You can have a look here:

http://www.domainmarket.co.za/

However I doubt that site is updated since I own half the domains listed there.

If you have time to kill I have domainaddict.co.za that can probably be themed in a cybersmart.co.za funky style to create a listing site for SA domains?

----------


## FlySA.co.za

> Selling and Trading domains in South Africa never really caught up.
> 
> You can have a look here:
> 
> http://www.domainmarket.co.za/
> 
> However I doubt that site is updated since I own half the domains listed there.


Definitely not updated and current. Checked a few of the domains and they are already deleted from coza domain registry.
Some high ticket ones have new owners and or parked at sedo.co.uk

You could use Sedo to list your domains for sale. I did not have much success there. Resorted to keeping mine and developing Made For Adsense type websites, dumping the less profitable ones.

----------


## PlatinumWealth.co.za

> Definitely not updated and current. Checked a few of the domains and they are already deleted from coza domain registry.
> Some high ticket ones have new owners and or parked at sedo.co.uk
> 
> You could use Sedo to list your domains for sale. I did not have much success there. Resorted to keeping mine and developing Made For Adsense type websites, dumping the less profitable ones.


Agreed!

I started on flippa yesterday going to see how that goes. 400 domains starts hurting your bank account if they just sit there. Damn my hoarding addictions.

----------


## HR Solutions

> Agreed!
> 
> I started on flippa yesterday going to see how that goes. 400 domains starts hurting your bank account if they just sit there. Damn my hoarding addictions.


So if it has never taken off in SA - what is the point of having 400 domains ? Especially if they are "just sitting there"

----------


## PlatinumWealth.co.za

> So if it has never taken off in SA - what is the point of having 400 domains ? Especially if they are "just sitting there"


I am planning on creating those ventures in time. Sometimes you buy a domain because you think ahh I like the idea of what that can become, but never gotten around to do it.

And more to your point you will see very little south Africans own SA domains.... The juicy once are mostly owned by US citizens back from the Gandi.net days

----------


## workshop

This is something I do not understand. Whenever I look for a domain I check to see what the owners are doing with the ones I want and invariably they are on sale at ridiculously inflated prices. Do they sell? They must sell? There are holding costs or are there? Once a domain reverts to Go Daddy or Enom do they have to pay for holding it?

----------


## PlatinumWealth.co.za

> This is something I do not understand. Whenever I look for a domain I check to see what the owners are doing with the ones I want and invariably they are on sale at ridiculously inflated prices. Do they sell? They must sell? There are holding costs or are there? Once a domain reverts to Go Daddy or Enom do they have to pay for holding it?


They do. 

Go daddy is a scum company they purchased a lot of top tier SA domains and just keep them selling them back at ridiculous prices R10k upwards is not uncommon. 
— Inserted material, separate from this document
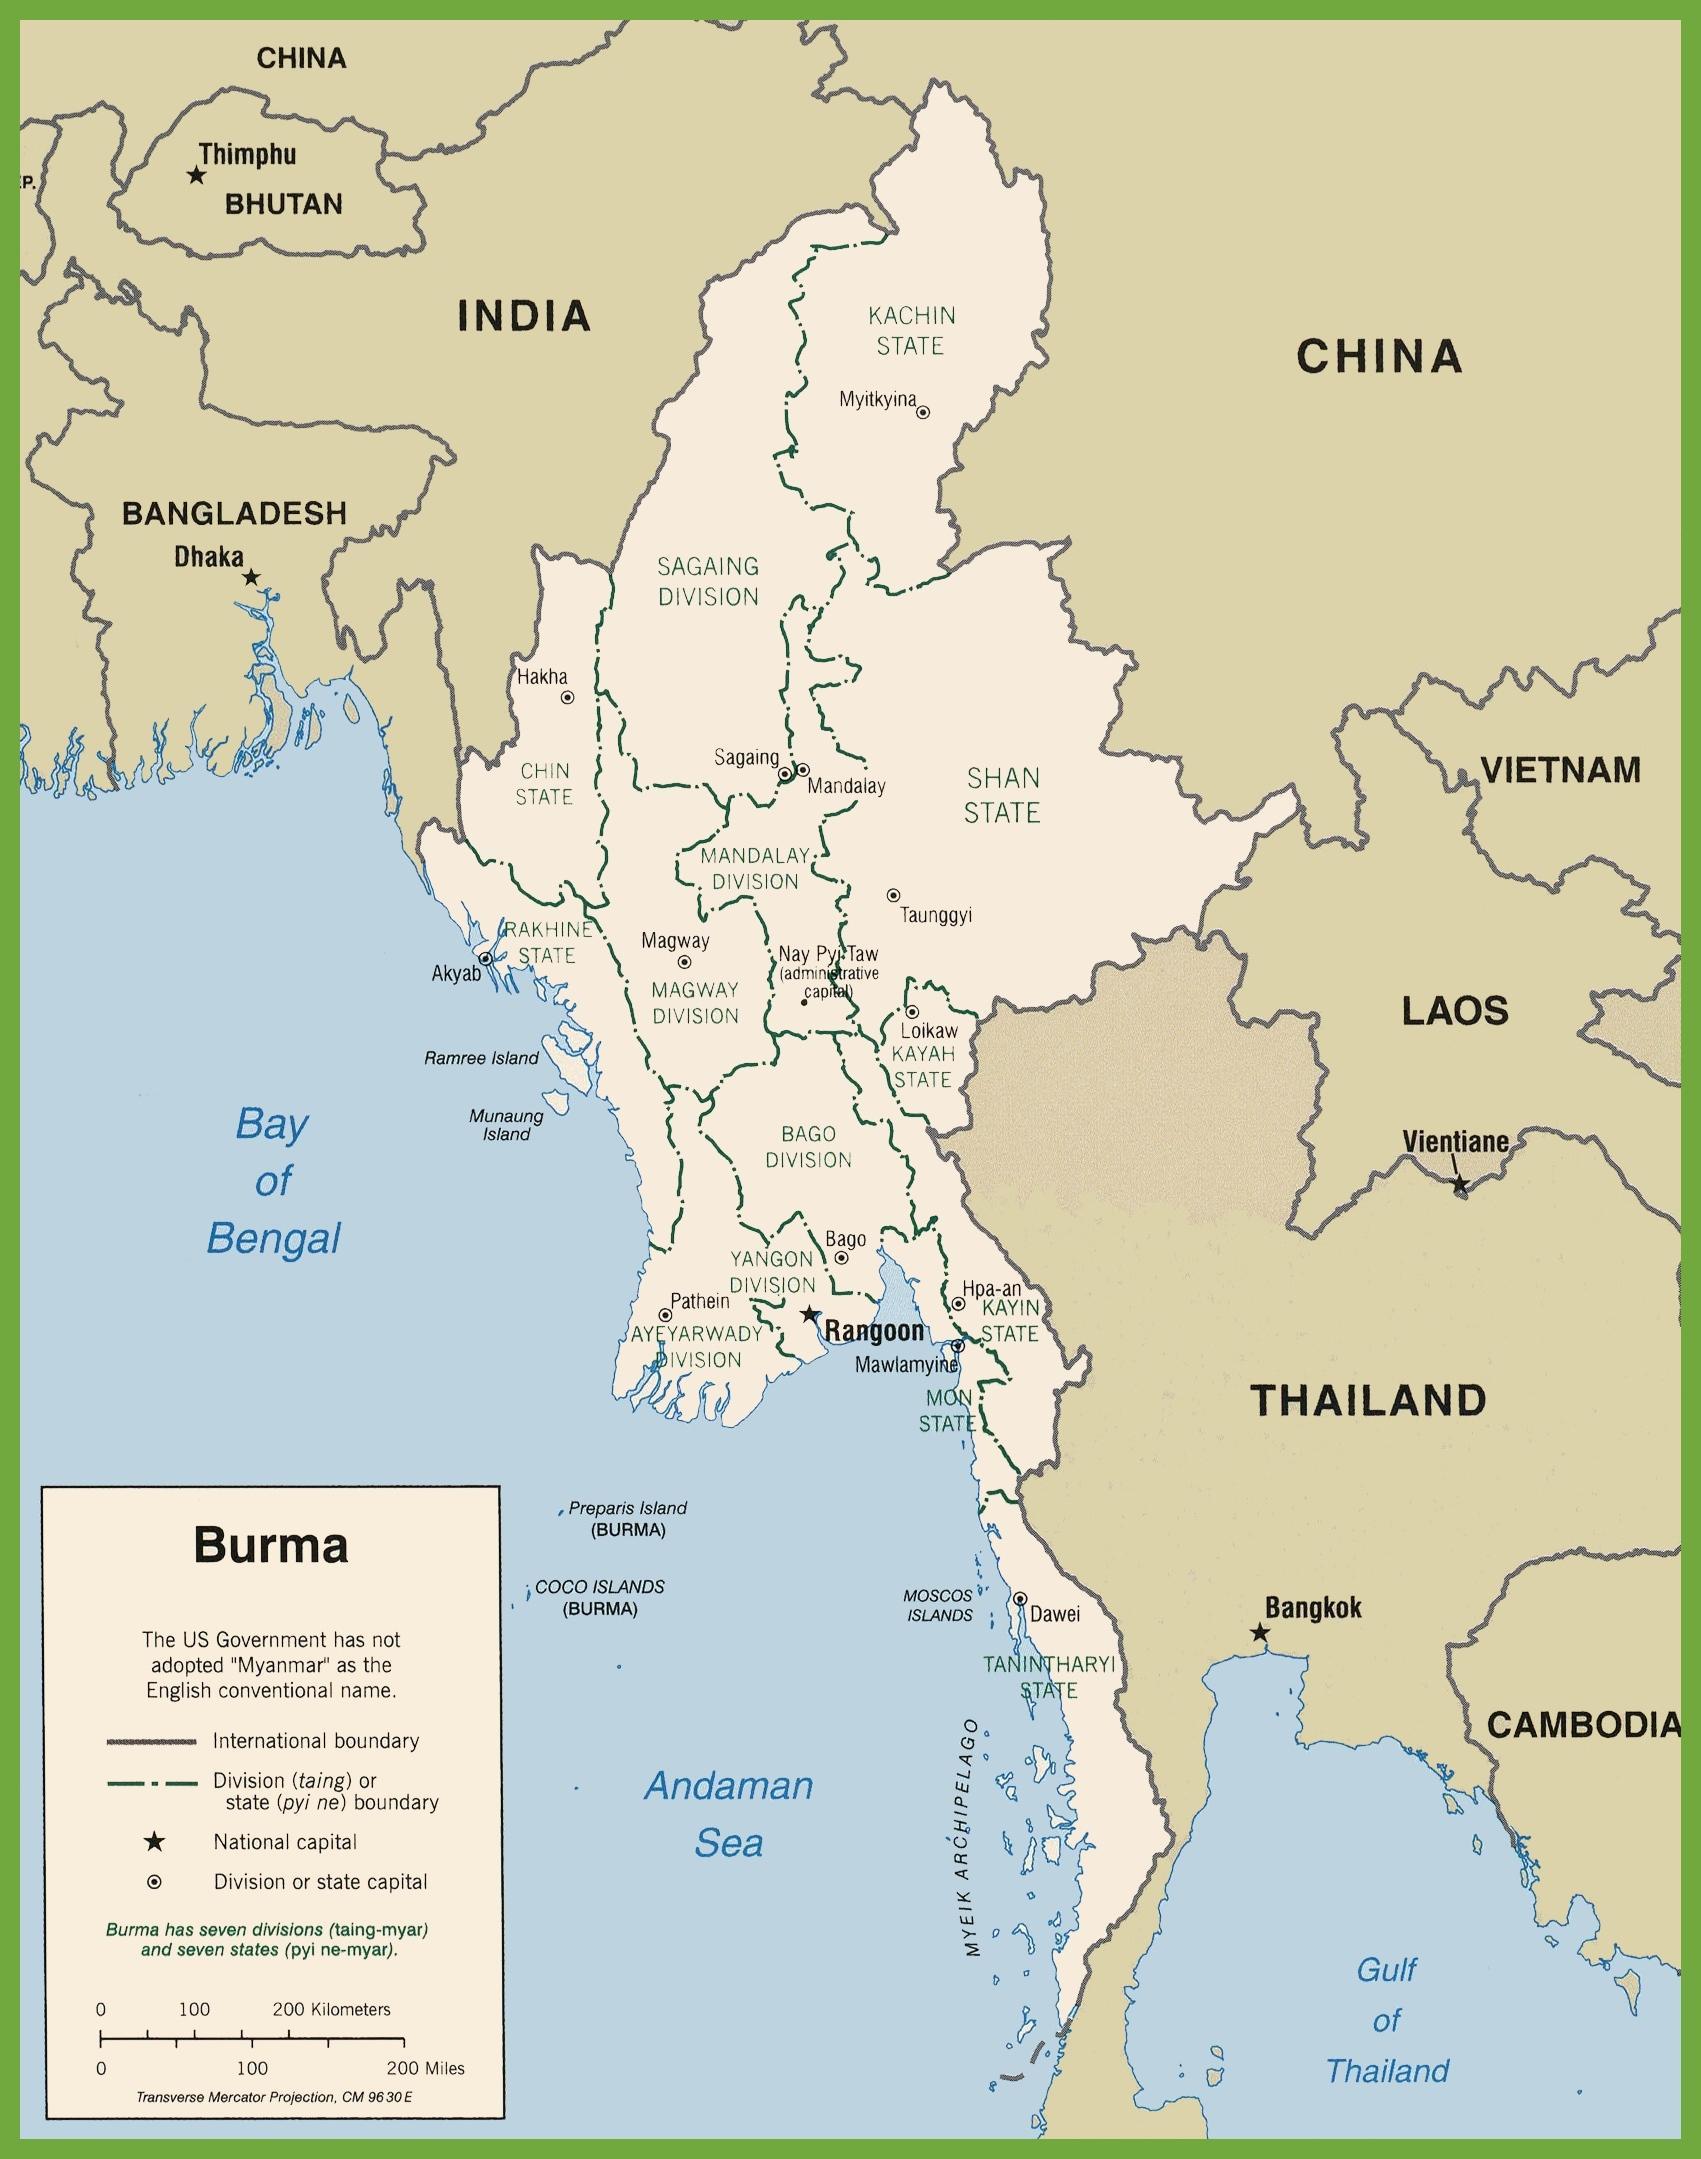 Myanmar political map - Burma political map (South-Eastern ... on bermuda map, senegal map, libya map, eritrea map, usa map, china map, north sea map, kenya map, croatia map, india map, ghana map, ethiopia map, madagascar map, armenia map, rwanda map, algeria map, papua new guinea map, sudan map, andaman islands map, cameroon map, burundi map, niger map, angola map, mongolia map, zimbabwe map, japan map, uganda map, germany map, morocco map, myanmar map, iran map, iceland map, pakistan map, mozambique map, southeast asia map, lesotho map, tunisia map, central asia map, cape of good hope map,

That said they don't pay the holding fees we pay but they still pay minus the market.

----------


## workshop

Don't understand why anyone would pay. There is always an alternative choice. That I think is the biggest problem in this industry. Way too much huffing and puffing to talk up the price.

----------


## PlatinumWealth.co.za

> Don't understand why anyone would pay. There is always an alternative choice. That I think is the biggest problem in this industry. Way too much huffing and puffing to talk up the price.


Till it's a brand name example. 

We have a company called caperiverstone.co.za 

We also have capepips and Capegravel 

We want to put our courier business online called CapeCourier

Go ahead and Google Capecouriers.co.za it's owned by a company for the sole purpose of squatting the name holding us random and sadly there is now alternative as our whole business is built surrounding that brand name.

----------


## workshop

capecourier.biz is available  :Smile:

----------


## PlatinumWealth.co.za

> capecourier.biz is available


Ye, 

But you get the point, messes with the whole dynamic

----------


## FlySA.co.za

> Till it's a brand name example. 
> 
> We want to put our courier business online called CapeCourier
> 
> Go ahead and Google Capecouriers.co.za it's owned by a company for the sole purpose of squatting the name holding us random and sadly there is now alternative as our whole business is built surrounding that brand name.


Hi,

http://freight-innovations.co.za is not squatting, they are redirecting it to their business web address. I think they purchased the domain Capecouriers.co.za because it speaks to their potential clients. They are based in Montague Gardens, Cape Town.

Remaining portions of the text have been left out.